The policy change is included in an end of year package that funds the federal government for the remainder of FY2020, as well as a number of other policy changes.  The tobacco 21 provision is accomplished by amending the Tobacco Control Act of 2009, which established at that time a federal age of sale of 18. 

The provision is slated to take effect sometime in the second half of 2020.  The Secretary of HHS is supposed to publish a final rule amending FDA regulations to include the age of 21 within 180 days of enactment of the law and is to take effect 90 days after the publication of that final rule. 
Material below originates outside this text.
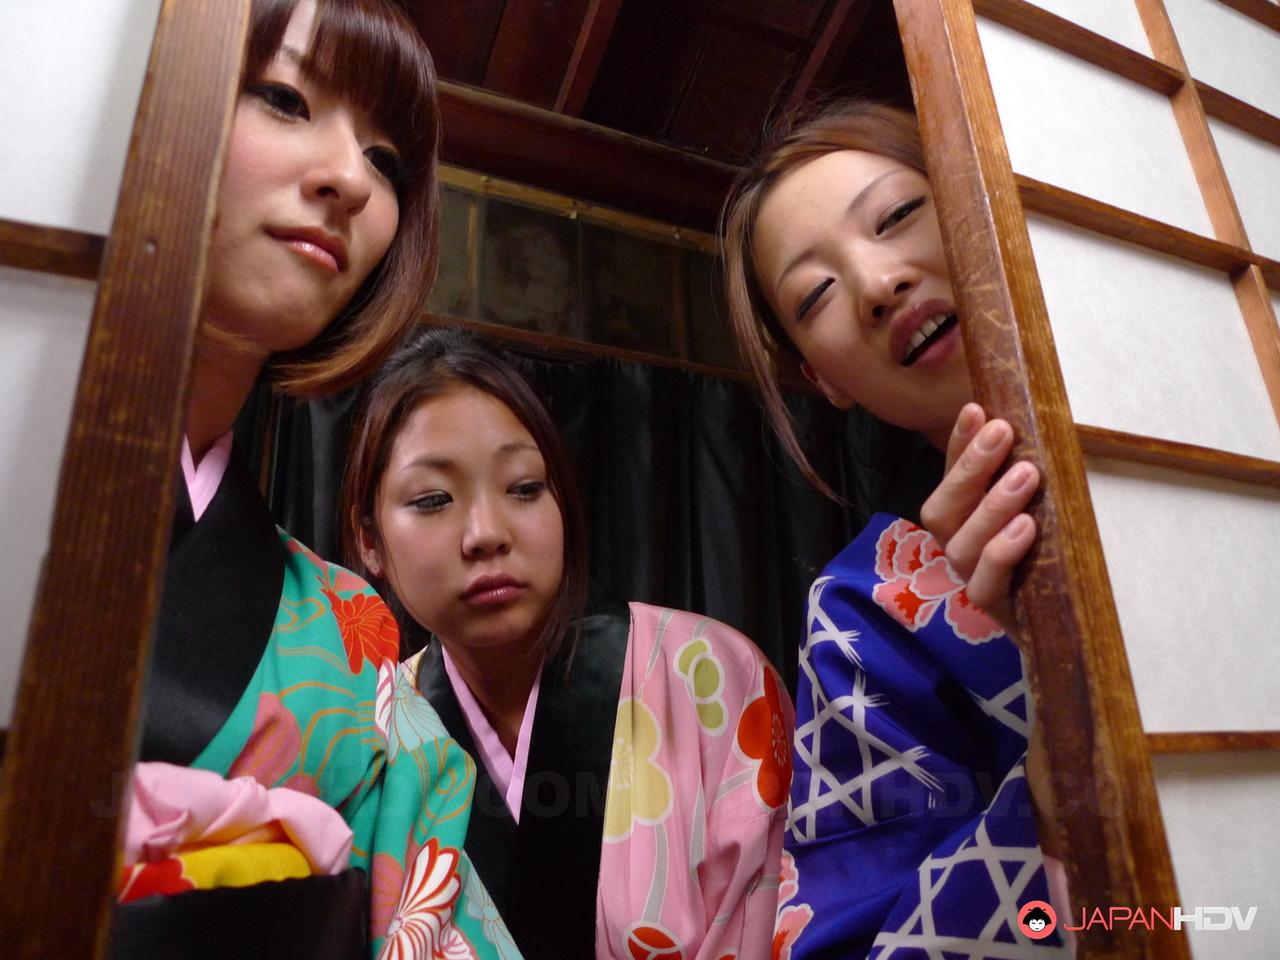 Kimono Slut 30

FDA’s existing enforcement authorities as granted by the Tobacco Control Act will be applicable to the raising of the age of sale to 21 which currently involve joint federal and state enforcement arrangements.  The law will also require that age verification requirements extend to those up to the age of 30 from the previous requirement of the age of 26.

The new federal age of sale:

  • Doesn’t preempt state and local tobacco control laws

  • Is applicable to all tobacco products; and

  • Doesn’t exempt any population from the age of sale provision.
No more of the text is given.